Políticas Farmacêuticas: a Serviçodos Interesses da Saúde?
José Augusto Cabral Barros
As estratégias promocionais e o seu possível controle
Algumas iniciativas foram tomadas fora dos organismos reguladores
estatais com o propósito de orientar as atividades promocionais, na tentativa
de frear os seus excessos, eventualmente punindo transgressores. A própria
OMS, como parte de sua estratégia revisada em relação aos medicamentos,
por ocasião da assembléia geral de 1988, propôs um conjunto de diretrizes
éticas cujo propósito era o de apoiar e fomentar a melhora da assistência
sanitária pelo uso racional dos medicamentos. Critérios éticos sugeridos para
orientar as atividades promocionais do setor farmacêutico foram, nessa
mesma assembléia, aprovados e, posteriormente, revistos na assembléia
de 1994.
Define-se como ‘promoção’ todas as atividades informativas e de
persuasão realizadas pelos fabricantes e distribuidores com o objetivo de
induzir a prescrição, a dispensação, a aquisição e a utilização de um medicamento
(WHO, 1988b). Ainda que tenham sua importância, infelizmente as
resoluções como a mencionada e todas as oriundas do fórum máximo da
OMS têm um caráter propositivo e não compulsório, apesar de terem sido
aprovadas pelos representantes oficiais dos diferentes Estados-Membros.
Em mesas-redondas realizadas em 1997 e 1999 pela OMS, com a
participação de organizações não-governamentais, chegou-se à conclusão de
que a promoção inadequada dos medicamentos continuava sendo um
grave problema em todos os países. Tal como ressalta a diretora geral da
Organização, à época, em pronunciamento na 49ª Assembléia Mundial de
Saúde, “continua havendo um desequilíbrio entre a informação sobre
medicamentos produzida comercialmente e a informação sobre
medicamentos independente, comparativa, comprovada cientificamente
e atualizada, para os prescritores, os dispensadores e os consumidores”. Na
segunda das mesas-redondas antes referidas, foi decidido criar uma ampla
base de dados sobre promoção de medicamentos a partir de informações
a serem recebidas de organizações não-governamentais de todo o mundo
(www.drugpromo.info). A base de dados propõe-se subsidiar uma gama
variada de interessados, a exemplo de profissionais de saúde, associações
profissionais, pesquisadores universitários, organizações de consumidores e
outras organizações não-governamentais, agências reguladoras e a própria
indústria farmacêutica, que poderá avaliar as críticas formuladas a suas atividades
promocionais.
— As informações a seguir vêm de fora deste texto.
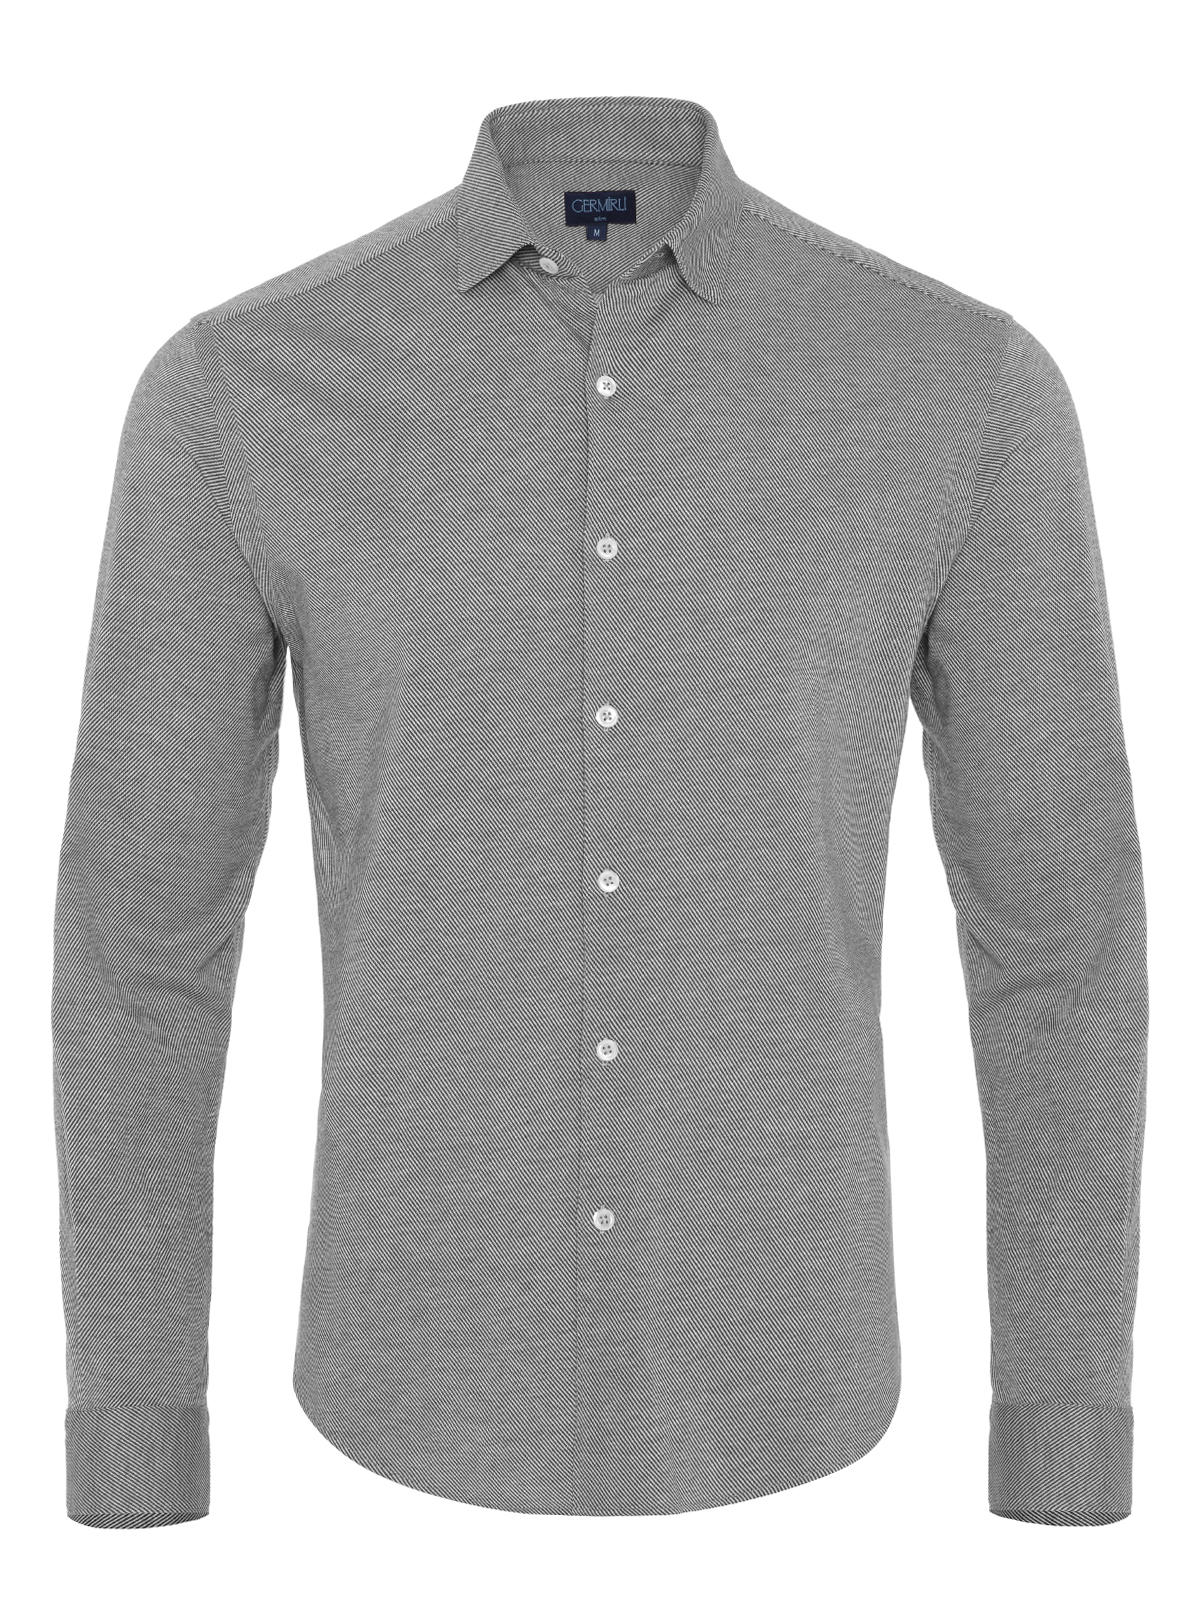 Germirli Gri Twill Penye Klasik Yaka Örme Slim Fit Gömlek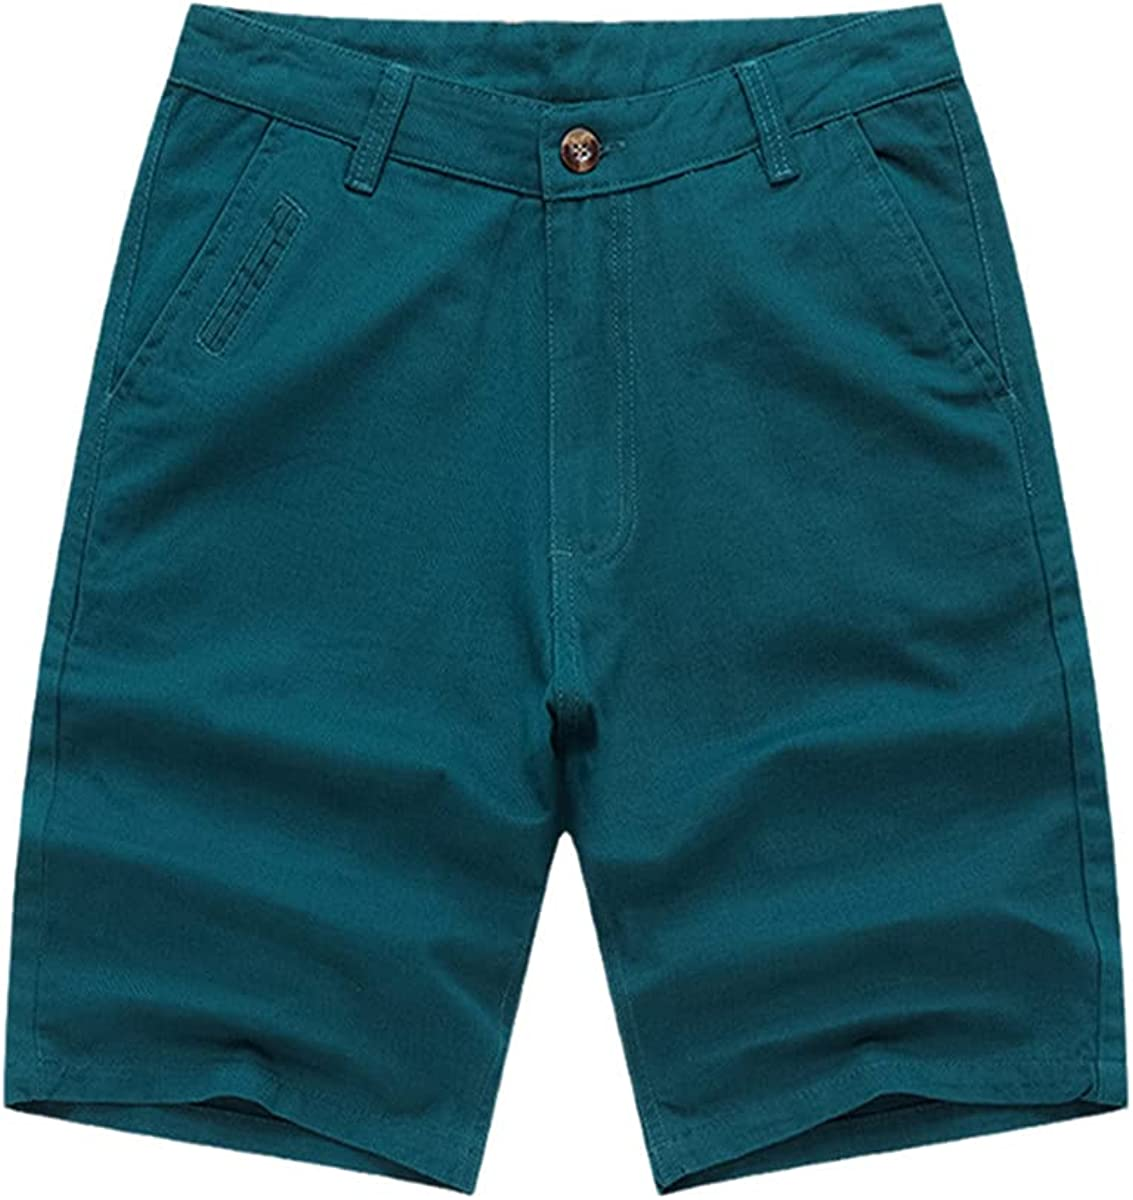 Summer Men's Casual Shorts, Pure Cotton Fashion Style Men's Shorts, Beach Pants

Os objetivos do projeto, coordenado pela OMS e pela
HAI, eram os seguintes:
• documentar o volume de promoção inadequada nos países desenvolvidos
e em desenvolvimento;
• documentar os efeitos da promoção inadequada sobre a saúde;
• formular recomendações para as investigações que se fizerem
necessárias;
• proporcionar informação sobre os instrumentos que podem ser
utilizados para informar adequadamente aos profissionais de saúde
sobre a promoção;
• proporcionar instrumentos para monitorizar a promoção dos medicamentos;
• promover a formação de redes de grupos e pessoas interessadas
nos temas da ‘promoção’, proporcionando enlaces entre eles por meio
da web.
Ainda que se saiba que a promoção farmacêutica continuará existindo
como estratégia da indústria para manter e, preferentemente, ampliar suas
vendas, segundo Lexchin, responsável pelo projeto da base de dados,
nuestra tarea consiste en conocer y educar a los profesionales de la salud y
los consumidores acerca de las limitaciones de la promoción ética de
medicamentos como fuente de información sobre el tratamiento; en
determinar sus importantes posibilidades de daño cuando es inexacta,
inapropiada o sesgada y en determinar su potente influencia sobre los
prescriptores y usuarios (Lexchin, 2002).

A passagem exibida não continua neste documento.